What to work on: Return the whole listing exactly, omitting the pictures.

Raw data:
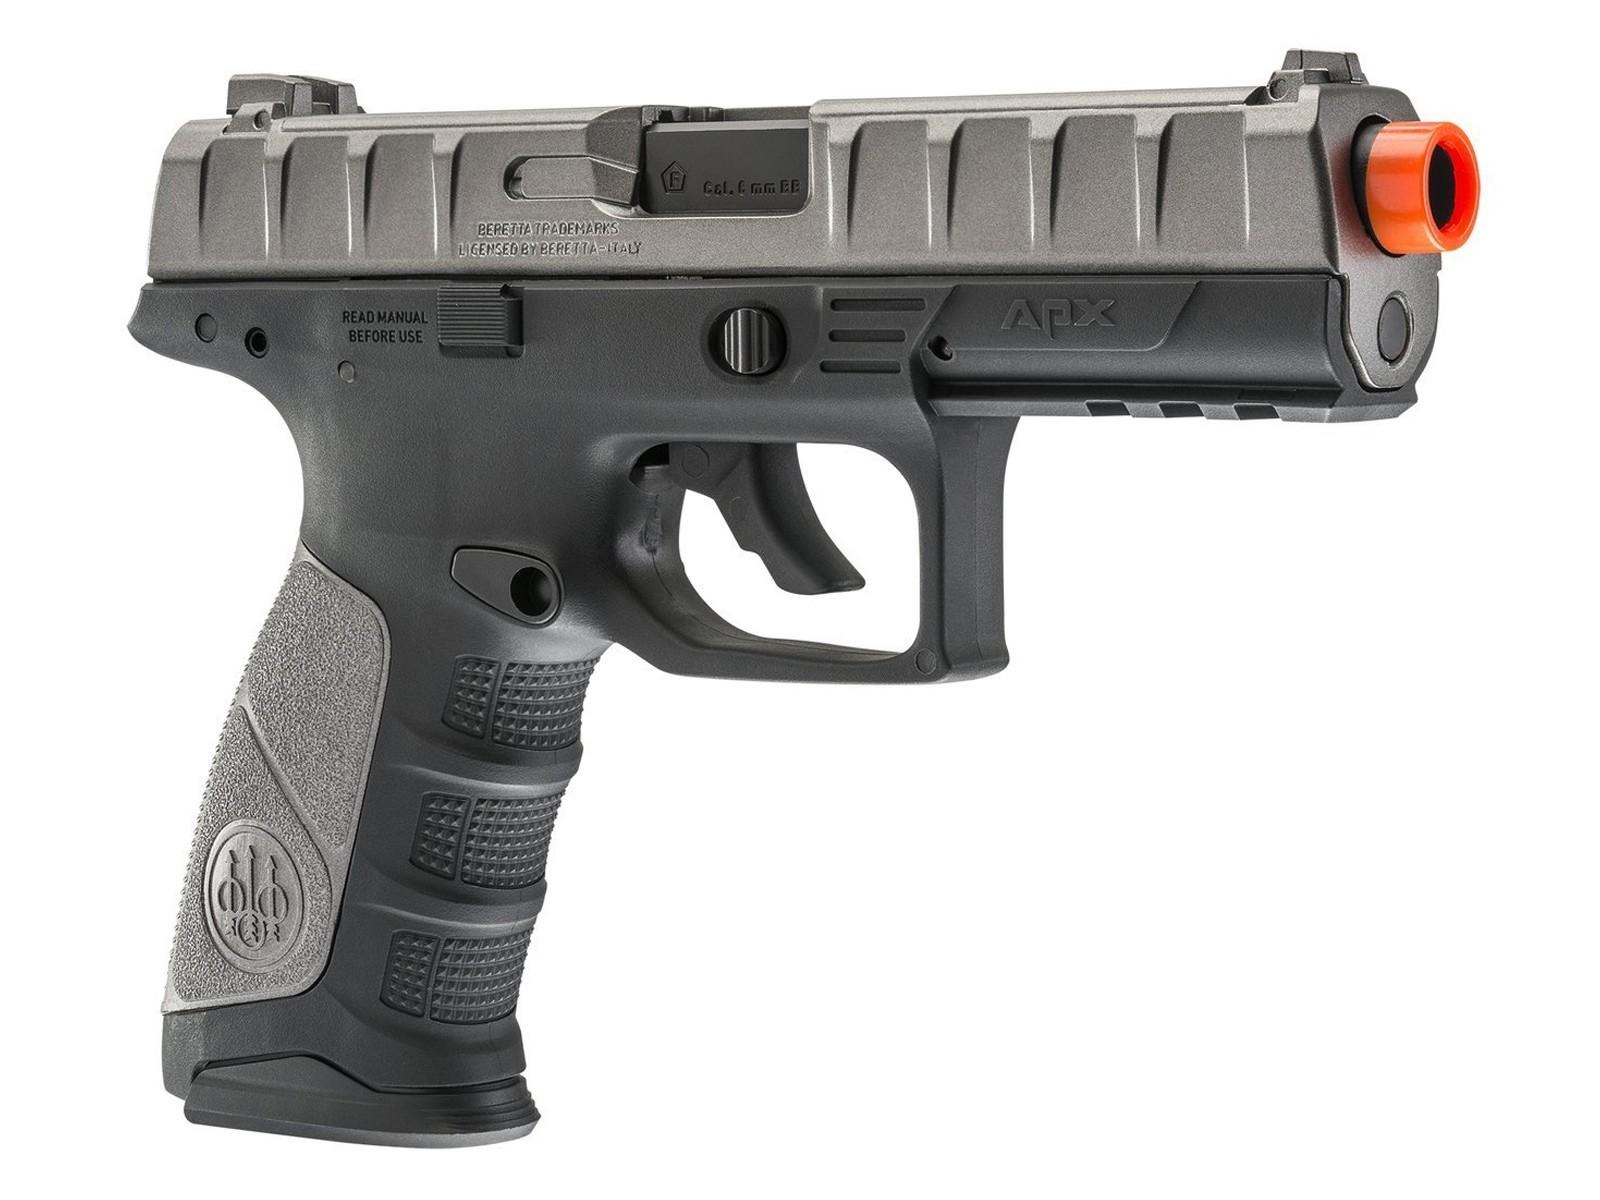 umarex beretta apx co2 metal slide airsoft pistol black silver rh pyramydair com Umarex Gauntlet Umarex H&K 416
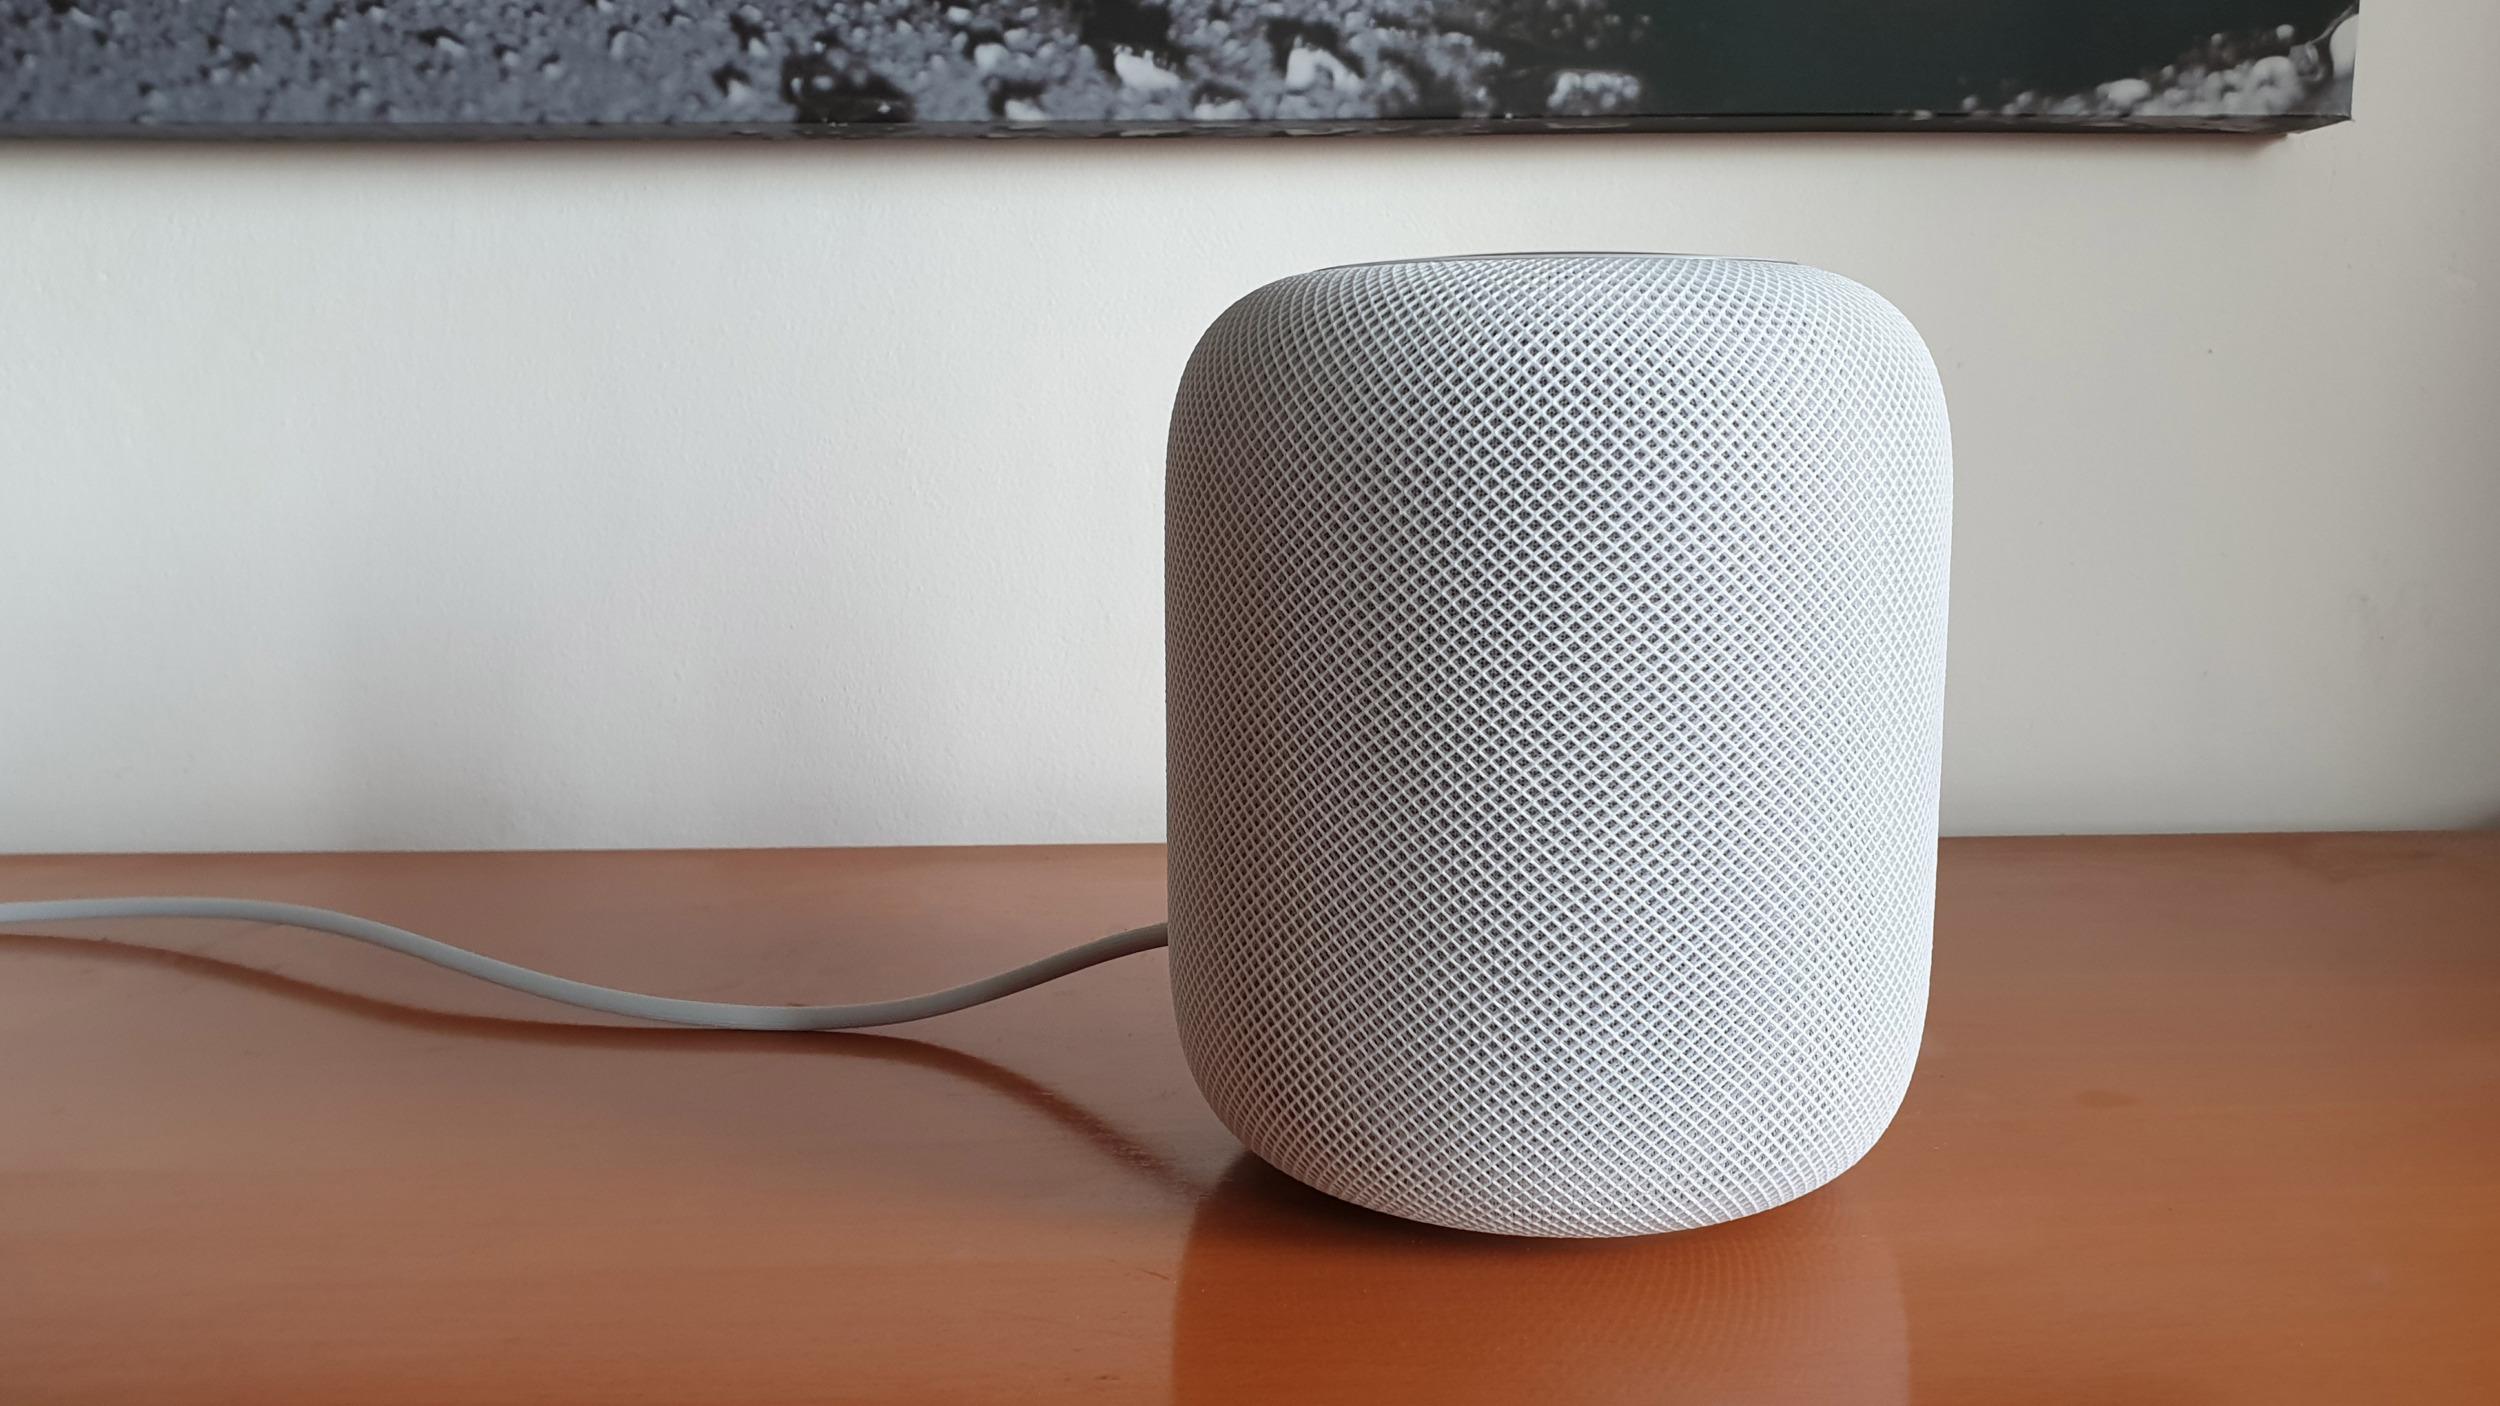 HomePod bude podporovat hudební služby třetích stran jako třeba Spotify
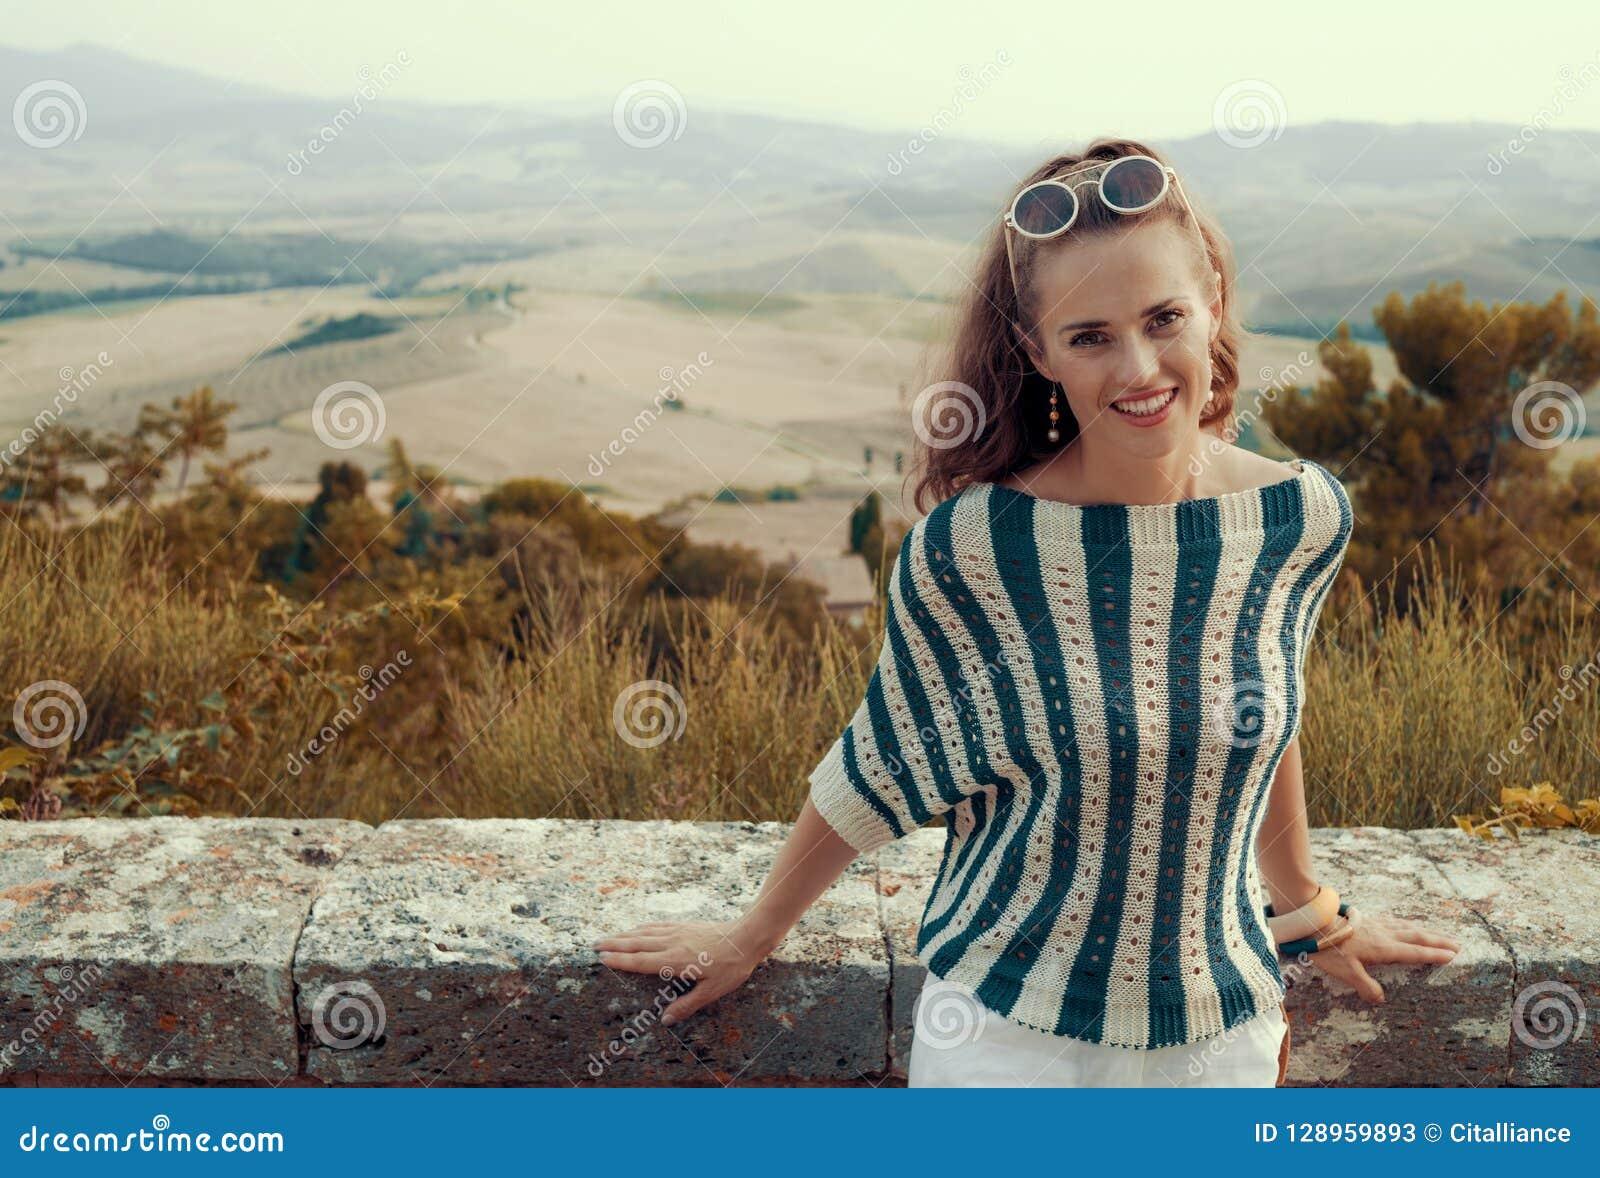 Giovane donna turistica sorridente davanti a paesaggio della Toscana

Solution to the exercise:
 umarex beretta apx co2 metal slide airsoft pistol black silver rh pyramydair com Umarex Gauntlet Umarex H&K 416
 HomePod bude podporovat hudební služby třetích stran jako třeba Spotify
 Giovane donna turistica sorridente davanti a paesaggio della Toscana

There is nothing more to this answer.